Reputation: 2763
I need to read in a .txt file, find the row where labels are, return a list (or other iterable) of those labels plus the index of the next line. In this particular program, I use it the first time to open the file and return the labels (which are consistent) and the index of the next line for the purpose of identifying what to open with np.genfromtxt. The subsequent uses are just to determine the index only.

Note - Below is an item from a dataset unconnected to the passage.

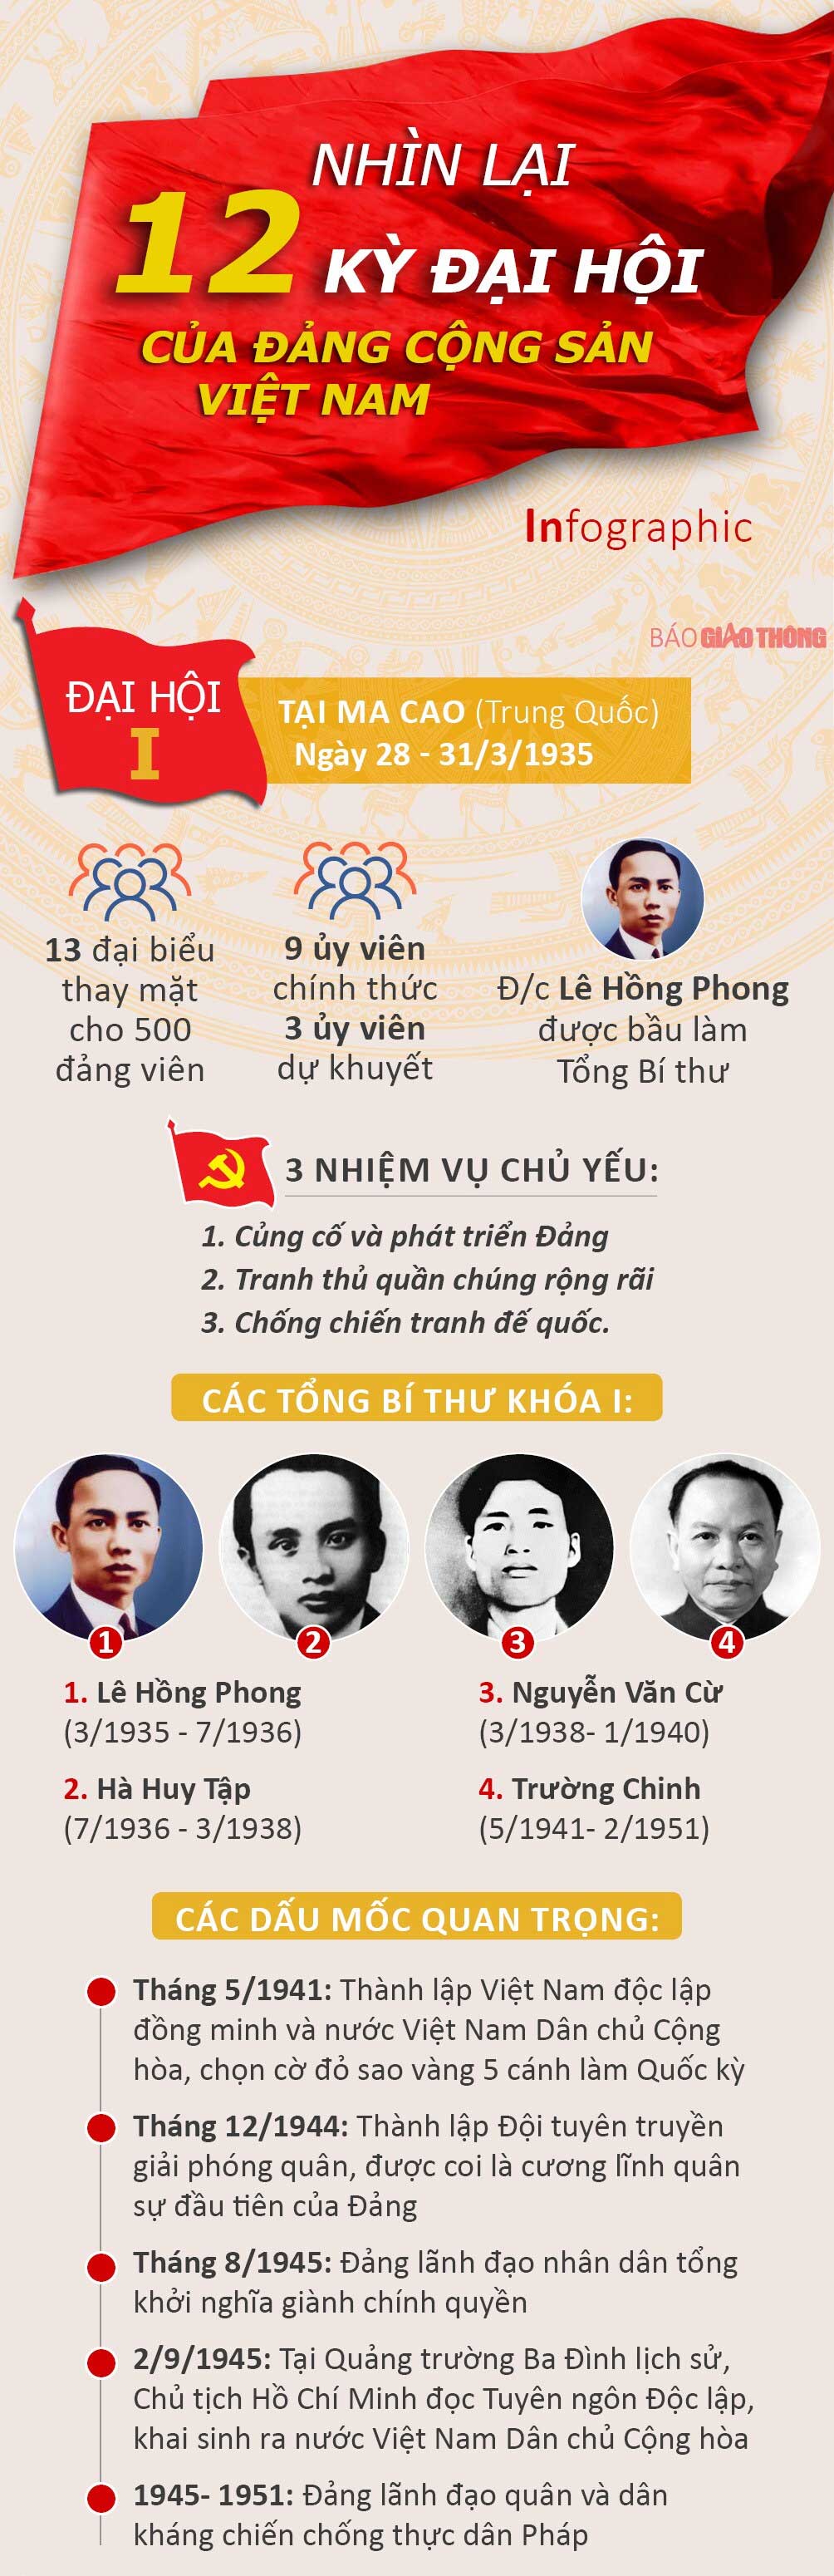 Nhìn lại 12 kỳ Đại hội của Đảng Cộng sản Việt Nam - 1
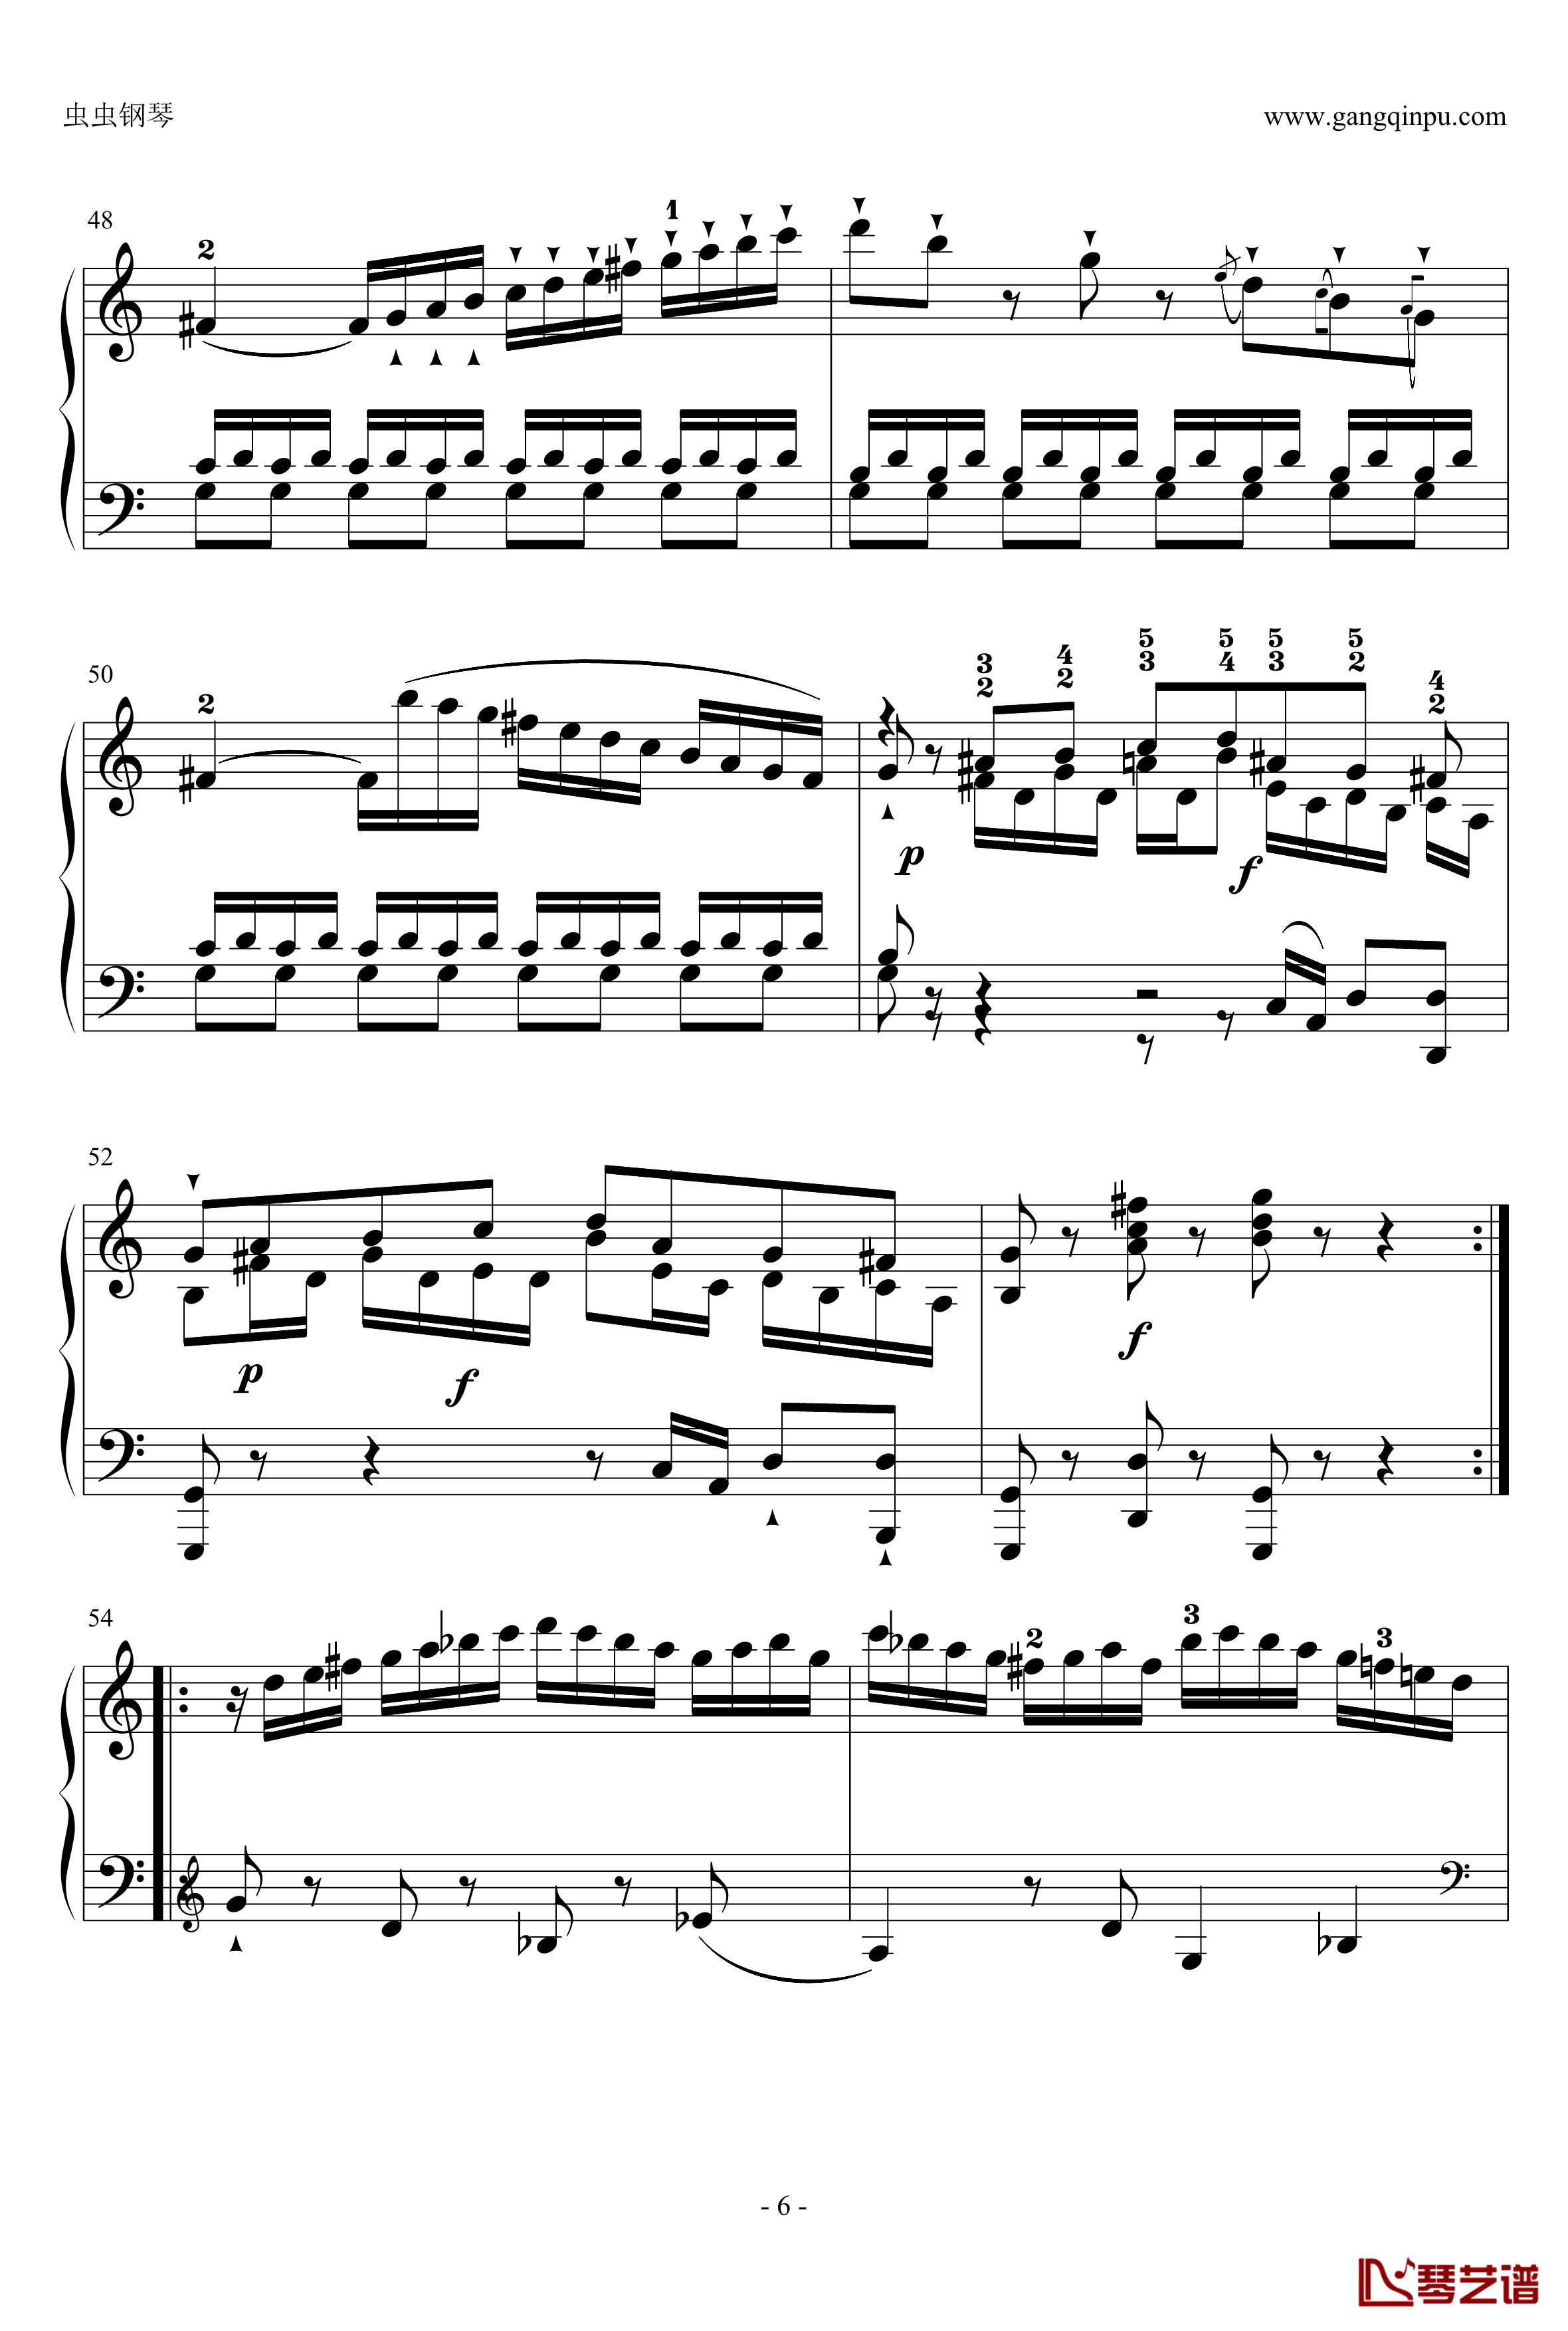 C大调奏鸣曲钢琴谱第一乐章-海顿6

Sometimes, the technician will put an extra carriage return in when entering test parameters and it results in an extra blank line. When that happens, I get an empty set instead of labels. In TFM it seems that csv.reader takes that blank line as EOF, but I don't see how to tell it to keep checking.
Is there a way to make it do that? Is there a better way to accomplish what I want?
def get_labels(filename):
index = 0
with open(filename, 'rb') as f:
dialect = csv.Sniffer().sniff(f.read())
f.seek(0)
reader = csv.reader(f, dialect)
for row in reader:
if 'TimeStamp (s)' not in row:
index += 1
else:
return row, index + 1
Update: I'm trying to figure out the strip function, but I think this is clunky and not the way to go. Here's what I've tried so far:
def strip(filename):
with open(otherfile, 'wb') as o:
with open(filename, 'rb') as f:
for line in f:
if line == '\n':
continue
else:
o.write(line)
f.close()
o.close()
return o
Upvotes: 0
Views: 4051
Reputation: 77337
The quick way to solve the problem is a second function that strips empty lines. You can use itertools.ifilter
to do the job:
import itertools
def get_labels(filename):
index = 0
with open(filename, 'rb') as f:
sample = ''.join(x[0] for x in zip(itertools.ifilter(strip, f), range(4)))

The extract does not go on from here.